Curry and Draymond Green are longtime Warriors teammates who have won four NBA titles together. Green still marvels at Curry’s accomplishments and described him as “one of the most impactful” NBA players ever.

“It’s incredible. Because of what LeBron has done after 35, people have taken for granted what that age means in the NBA,” Green said of Curry to Andscape. “Especially, a guard [Curry’s] size. You’ve seen players a little bigger go longer, but not at his size. I think it is so special and impressive what he is doing. The attention to detail to what he is doing on a daily basis puts him in position to be as great as it is. It is the most incredible thing to me. To just watch him at that size, dominate at this age, we’ve never seen anything like this.”

What also can be remarkable for Curry at his age is the company he would enter by winning a fifth NBA championship. NBA icons with five or more championships include Bill Russell (11), Bob Cousy (six), Kareem Abdul-Jabbar (six), Michael Jordan (six), Scottie Pippens (six), Magic Johnson (five), Kobe Bryant (five) and Tim Duncan (five). While the Warriors are in the midst of a challenge just to make the playoffs this season, Curry said the goal is to still win a fifth title this season.

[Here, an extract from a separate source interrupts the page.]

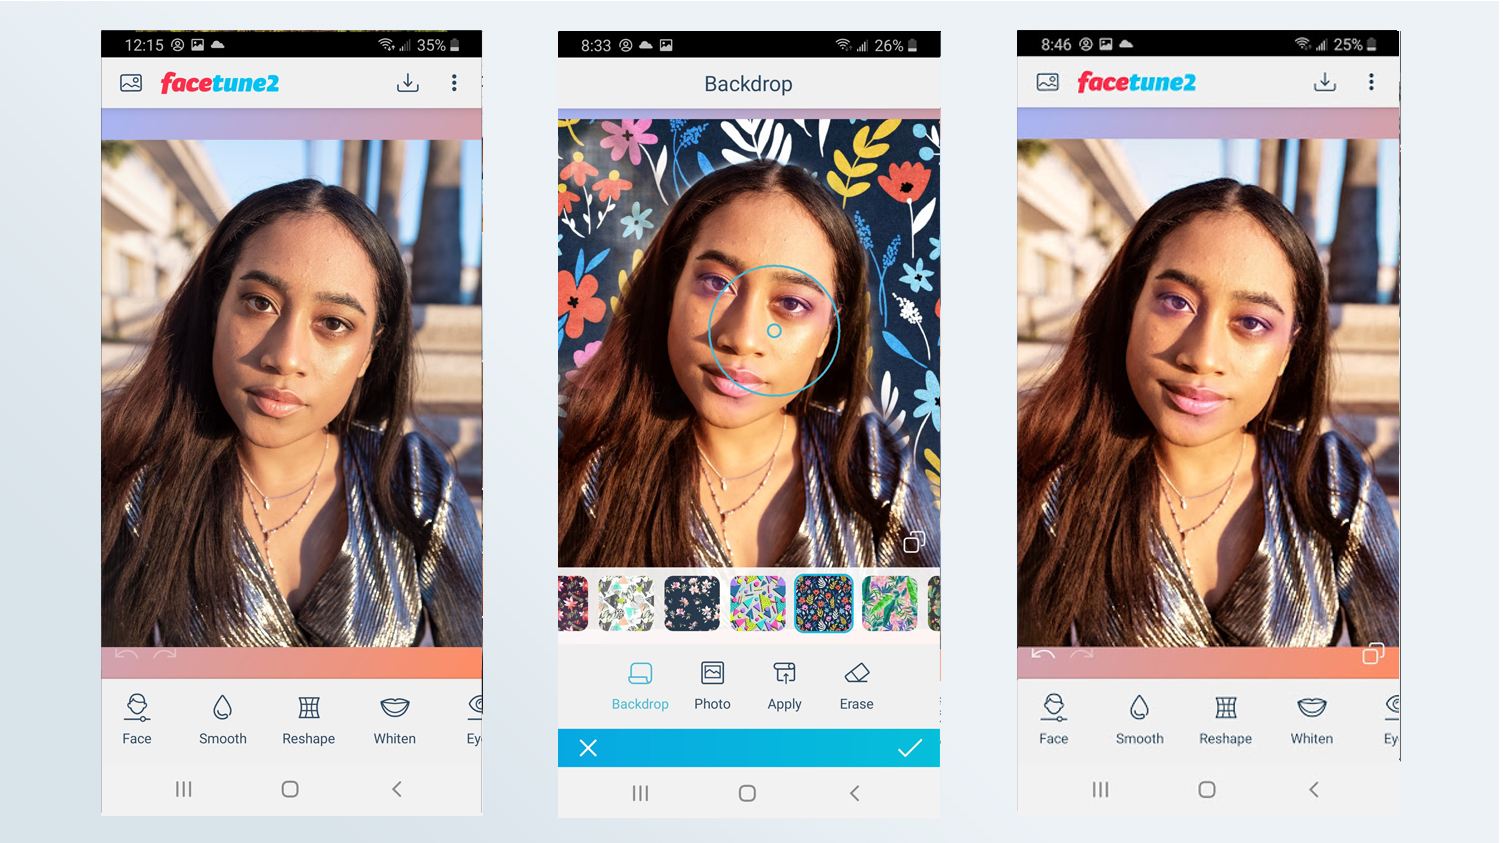 Screenshots showing the Facetune 2 photo editing app in use

“It would mean everything, because at one point it was believed that we were done even before last season,” Curry said of winning a fifth title in a recent interview through Under Armour. “So, it’s just a matter of feeling like you can get greedy, and you obviously understand every championship that you get, you put yourself in another echelon of legends that have won at the highest of high levels. Obviously, Bill Russell, nobody’s going to catch that. But to get to Jordan winning six and Kobe winning five, the [San Antonio] Spurs’ Tim Duncan. So, all that stuff is about the inherent legacy that you’ll continue to create even though we’ve done a lot and that’s why we still work tirelessly to make that a reality again.”